Using the tagline of “Tune the World” to emphasize its ability to precisely customize end-use properties, Covestro has launched CFRTP as an entirely new business with co-CEOs David Hartmann and Michael Schmidt based in Shanghai, China and Leverkusen, Germany, respectively.
With a long history in resin manufacturing, and particularly in polycarbonates, Covestro – the former Bayer MaterialScience – says it is well-placed to leverage its extensive thermoplastic design and engineering experience and value-chain partnerships to produce high-performance, hybrid solutions that offer highly attractive surface finishes.
CFRTP composites are made from ultrathin (about 120 microns), unidirectional (UD) tapes that are laminated together at specific angles to form sheets that can be “tuned” to a particular performance criteria. The long strands of fiber are oriented and provide strength in the lengthwise direction of the tape.
The resulting thin, stiff, and lightweight yet very strong sheets “look and sound like metal, but have the flexibility of a composite,” notes Hartmann.
Different manufacturing options
For large, deep-draw shapes such as car body panels, other transport applications and furniture, Covestro recommends a tape-based approach to forming that starts with laying out layers of tape using an automated robotic layup process. The tape stack is then transferred into a large-scale compression molding tool where the part is formed and additional features such as ribs, hooks and bosses can be added through overmolding as needed.
For smaller parts, the firm suggests starting with pre-formed CFRTP sheets that can be tailor-made in terms of number of tape layers and fiber orientation.
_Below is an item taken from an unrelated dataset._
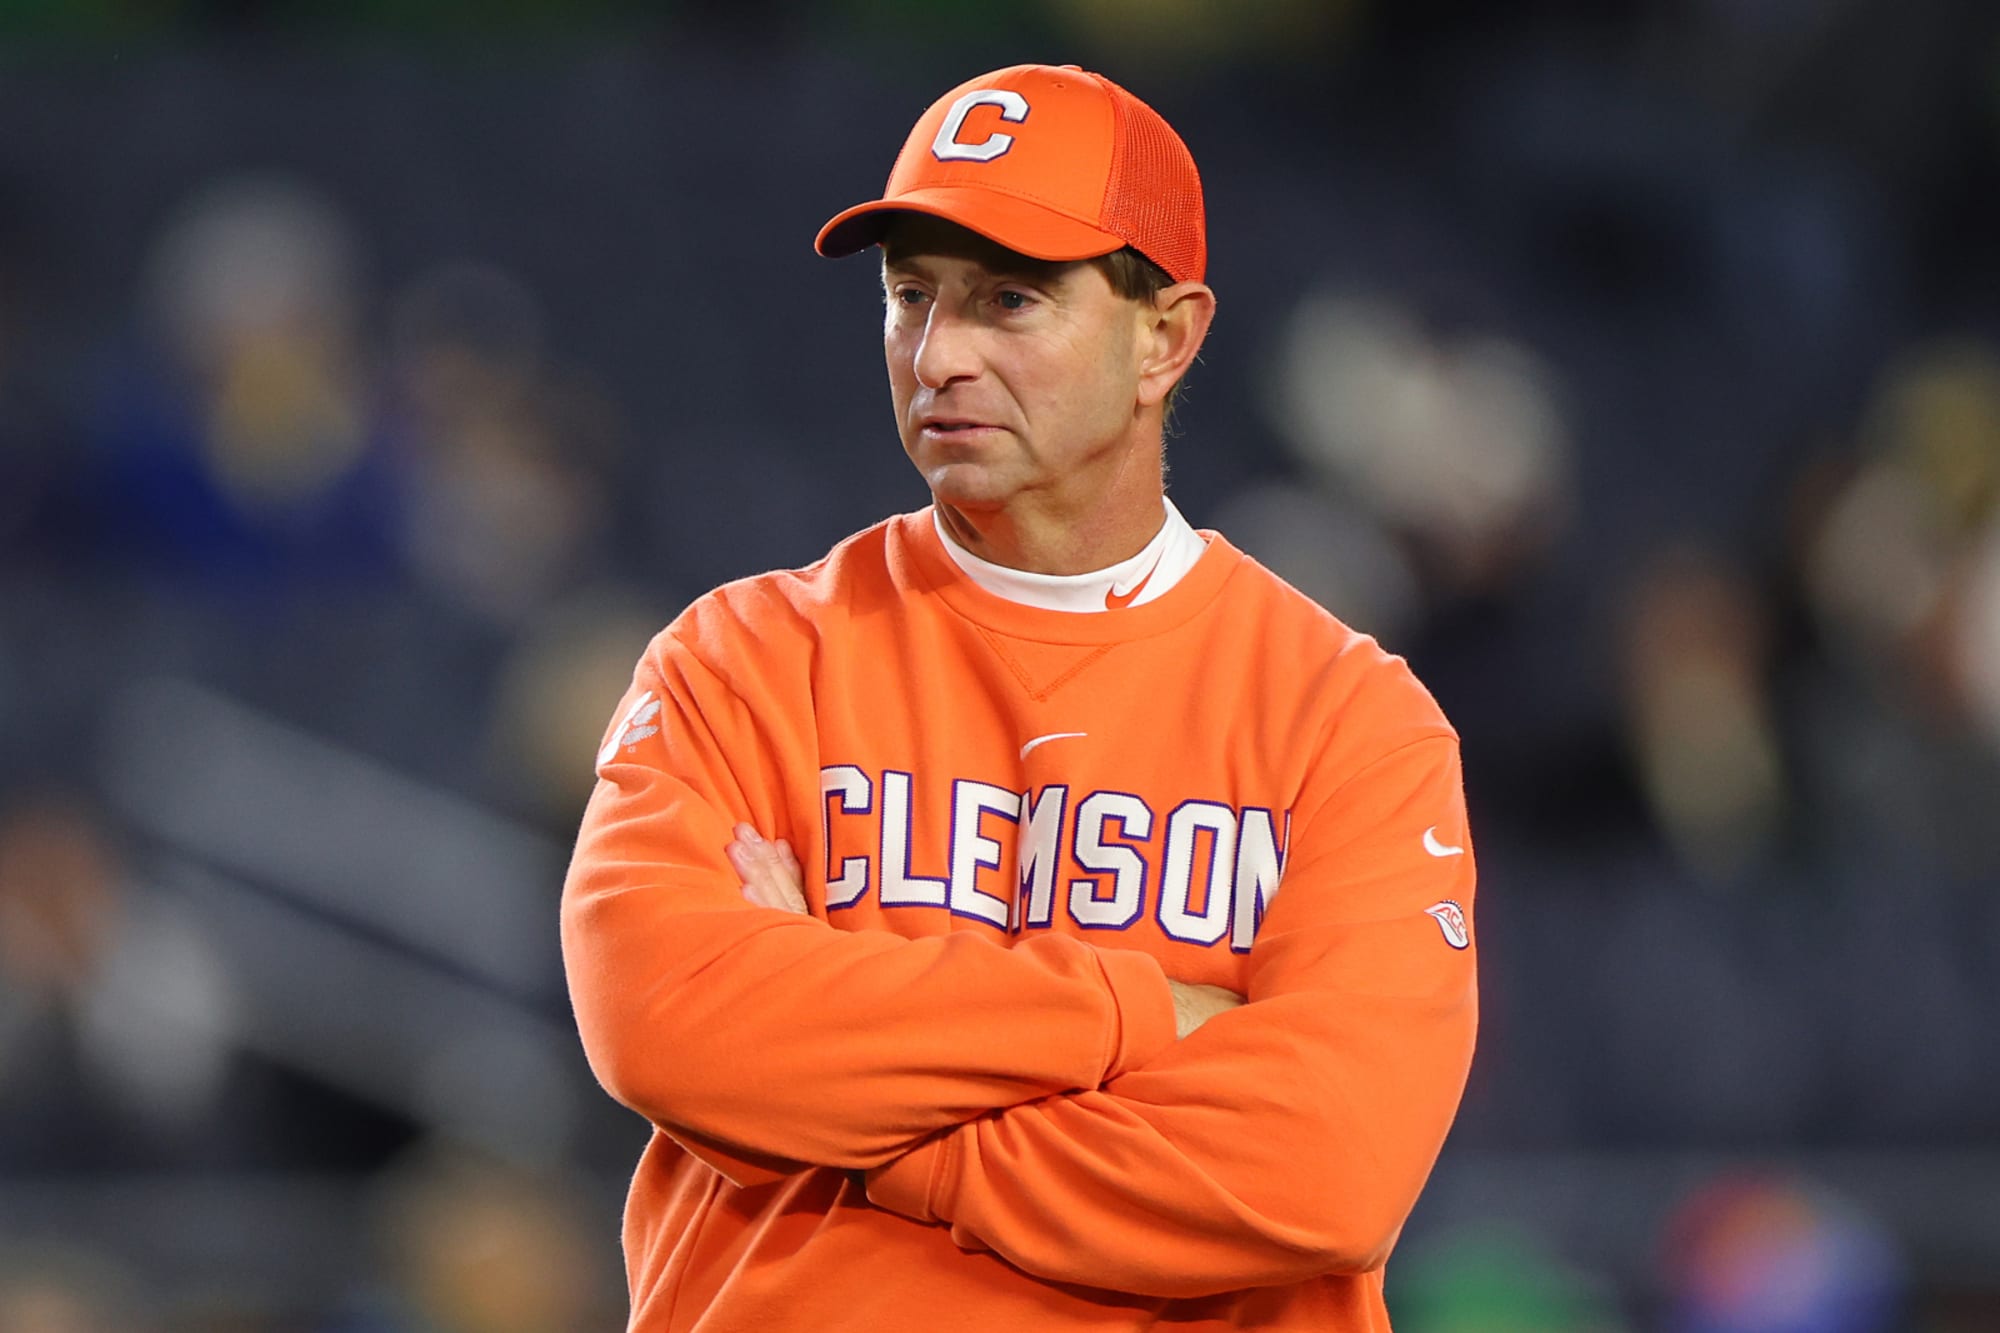 Clemson’s upset loss can snowball into something much worse

These sheets can then be formed in conventional thermal compression molding machines, again making it easy to integrate additional features such as ribs, hooks and bosses during the forming process.
In terms of forming and in relation to comparable materials, Covestro says its CFRTP offers an extremely attractive mix of short cycle times and high yield rates at low cost.
Adding product features such as apertures, integrated buttons, ribs, bosses and hooks to CFRTP parts is easy, as it can all be done during the compression molding process. This, Covestro says, provides considerable flexibility over thermoset composites and metal-forming techniques that typically require manual assembly or time-consuming and costly CNC machining.
The company is positioning CFRTP as an addition to the world of premium materials that typically is limited to metals, glass and ceramics. Stressing its design opportunities, Covestro claims CFRTP “has the cool touch and reassuring resonance of metals, as well as the pristine surface of glass and ceramics,” while at the same time bringing the flexibility of thermoplastic forming to premium materials.